- [Data section]:
*** Begin section ***
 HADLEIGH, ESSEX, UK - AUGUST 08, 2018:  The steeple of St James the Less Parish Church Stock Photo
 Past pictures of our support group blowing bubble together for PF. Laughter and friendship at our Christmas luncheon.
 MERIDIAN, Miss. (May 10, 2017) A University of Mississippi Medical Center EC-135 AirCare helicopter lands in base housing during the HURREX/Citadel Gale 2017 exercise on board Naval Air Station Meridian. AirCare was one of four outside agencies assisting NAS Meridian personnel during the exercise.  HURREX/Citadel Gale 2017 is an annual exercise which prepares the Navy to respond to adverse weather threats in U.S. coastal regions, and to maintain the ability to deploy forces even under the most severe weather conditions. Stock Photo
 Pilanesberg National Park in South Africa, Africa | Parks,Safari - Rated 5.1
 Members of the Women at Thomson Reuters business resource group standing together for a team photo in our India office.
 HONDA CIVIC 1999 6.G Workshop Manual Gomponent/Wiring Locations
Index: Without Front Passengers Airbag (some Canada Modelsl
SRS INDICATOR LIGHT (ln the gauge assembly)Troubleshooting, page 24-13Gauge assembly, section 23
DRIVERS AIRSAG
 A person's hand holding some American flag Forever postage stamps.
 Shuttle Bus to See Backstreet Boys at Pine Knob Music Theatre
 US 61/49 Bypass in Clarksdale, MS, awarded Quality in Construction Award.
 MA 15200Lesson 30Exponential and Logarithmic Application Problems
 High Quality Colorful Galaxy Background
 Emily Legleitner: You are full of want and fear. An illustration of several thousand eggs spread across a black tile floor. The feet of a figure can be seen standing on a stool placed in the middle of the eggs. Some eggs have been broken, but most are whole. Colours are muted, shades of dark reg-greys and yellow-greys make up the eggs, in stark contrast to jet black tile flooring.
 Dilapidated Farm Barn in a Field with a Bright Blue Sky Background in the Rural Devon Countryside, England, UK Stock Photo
*** End section ***
- [Work request]: Your answer must be the lines from the first line of the records through the line containing "High Quality Colorful Galaxy Background", copied exactly.

- [Response box]:
 HADLEIGH, ESSEX, UK - AUGUST 08, 2018:  The steeple of St James the Less Parish Church Stock Photo
 Past pictures of our support group blowing bubble together for PF. Laughter and friendship at our Christmas luncheon.
 MERIDIAN, Miss. (May 10, 2017) A University of Mississippi Medical Center EC-135 AirCare helicopter lands in base housing during the HURREX/Citadel Gale 2017 exercise on board Naval Air Station Meridian. AirCare was one of four outside agencies assisting NAS Meridian personnel during the exercise.  HURREX/Citadel Gale 2017 is an annual exercise which prepares the Navy to respond to adverse weather threats in U.S. coastal regions, and to maintain the ability to deploy forces even under the most severe weather conditions. Stock Photo
 Pilanesberg National Park in South Africa, Africa | Parks,Safari - Rated 5.1
 Members of the Women at Thomson Reuters business resource group standing together for a team photo in our India office.
 HONDA CIVIC 1999 6.G Workshop Manual Gomponent/Wiring Locations
Index: Without Front Passengers Airbag (some Canada Modelsl
SRS INDICATOR LIGHT (ln the gauge assembly)Troubleshooting, page 24-13Gauge assembly, section 23
DRIVERS AIRSAG
 A person's hand holding some American flag Forever postage stamps.
 Shuttle Bus to See Backstreet Boys at Pine Knob Music Theatre
 US 61/49 Bypass in Clarksdale, MS, awarded Quality in Construction Award.
 MA 15200Lesson 30Exponential and Logarithmic Application Problems
 High Quality Colorful Galaxy Background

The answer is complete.